6) Overlooking The Limitation Period
If you deliberately chose a deed for the 12-year limitation period, make sure your claims clause isn’t inadvertently limiting that period back down (some contracts do this by accident). Likewise, avoid inconsistent boilerplate that could muddy which limitation applies.
If you need a comprehensive checklist while preparing signature pages and logistics, keep this execution guidance handy as a reference.
Step-By-Step: Getting A Deed Ready To Sign
To keep things practical, here’s a simple workflow you can follow on your next deal.
- Confirm whether a deed is necessary or desirable (no consideration, longer limitation, added formality).
- Choose the correct mechanism: assignment, novation, variation or settlement.
- Draft the deed in plain English, with clear definitions, operative clauses, warranties, releases/indemnities, and governing law/jurisdiction.
- Insert signature blocks tailored to each party’s execution method.
- Plan the signing logistics (who is signing, how, where, and when; who will witness; whether e-sign will be used).
- Check authority for all signatories and build that into your file (board minute, POA, email evidence if appropriate).
- Execute, witness, date and deliver the deed. Agree how counterparts will be collated and when the deed becomes effective.
- Store the fully signed deed securely and share copies with all parties.
If you expect to run a high volume of assignments, novations or variations (say you’re restructuring entities or consolidating contracts), it’s worth building standardised, lawyer-reviewed templates to reduce risk and turnaround time.
FAQs: Quick Answers To Common Deed Questions
Is Consideration Needed In A Deed?
No. A deed can be enforceable without consideration, which is why it’s used for one-sided promises, releases and some transfers.
Who Can Witness A Deed?
An independent adult who is not a party to the deed and not a beneficiary under it. Avoid close family members or anyone with an interest in the transaction. For edge cases, check the guidance on who can witness.
Can We Use Video Witnessing?
As a general rule, attestation for deeds requires physical presence.
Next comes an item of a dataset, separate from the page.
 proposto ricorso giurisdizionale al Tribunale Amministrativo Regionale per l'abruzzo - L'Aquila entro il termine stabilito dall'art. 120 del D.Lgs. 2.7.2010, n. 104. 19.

Some sector-specific allowances exist, but video witnessing for deeds is not broadly accepted in England and Wales. See our note on electronic witnessing for the current position.
What If We Signed It Wrong?
Act quickly. Depending on the error, you may be able to re-execute correctly, supplement with a fresh deed, or put a rectification agreement in place. Don’t rely on luck - if the validity of the deed matters, fix the issue before a dispute arises.
Key Takeaways
- “Signed as a deed” means your document must meet strict formalities - clear deed wording, proper execution, valid witnessing where required, and delivery - or it may not be enforceable.
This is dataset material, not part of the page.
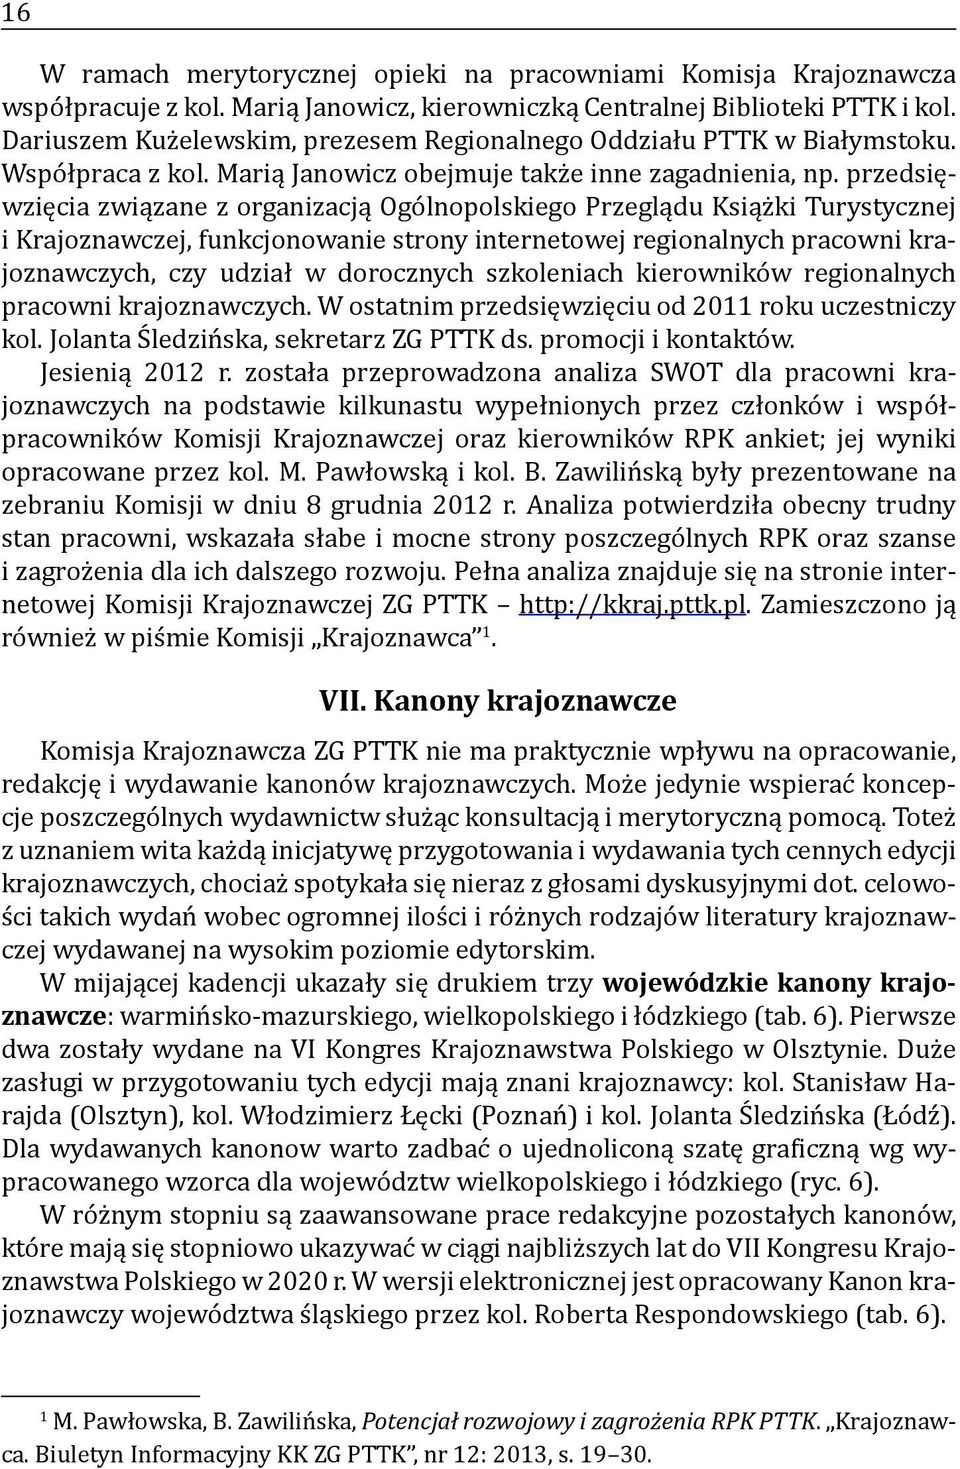 przedsięwzięcia związane z organizacją Ogólnopolskiego Przeglądu Książki Turystycznej i Krajoznawczej, funkcjonowanie strony internetowej regionalnych pracowni krajoznawczych, czy udział w dorocznych

- Use a deed where there’s no consideration, where you want a 12-year limitation period, or for common transactions like assignment, novation, variation and settlement.
- Execution rules differ for individuals and companies: individuals need an independent witness; companies can sign via two authorised signatories or a single director with a witness.
- Electronic signing of deeds is possible, but witnessing normally still requires physical presence, so plan your signing logistics early.
- Avoid pitfalls: wrong signature blocks, invalid witnesses, missing authority, confusion between assignment/novation/variation, and sloppy delivery or dating.
- For recurring needs, invest in tailored deed templates such as a Deed of Novation, Deed of Assignment, Deed of Variation and Deed of Settlement to protect your position from day one.
- If in doubt about execution, witnessing or authority, get a quick sense-check before you sign - it’s far cheaper than trying to fix an invalid deed later.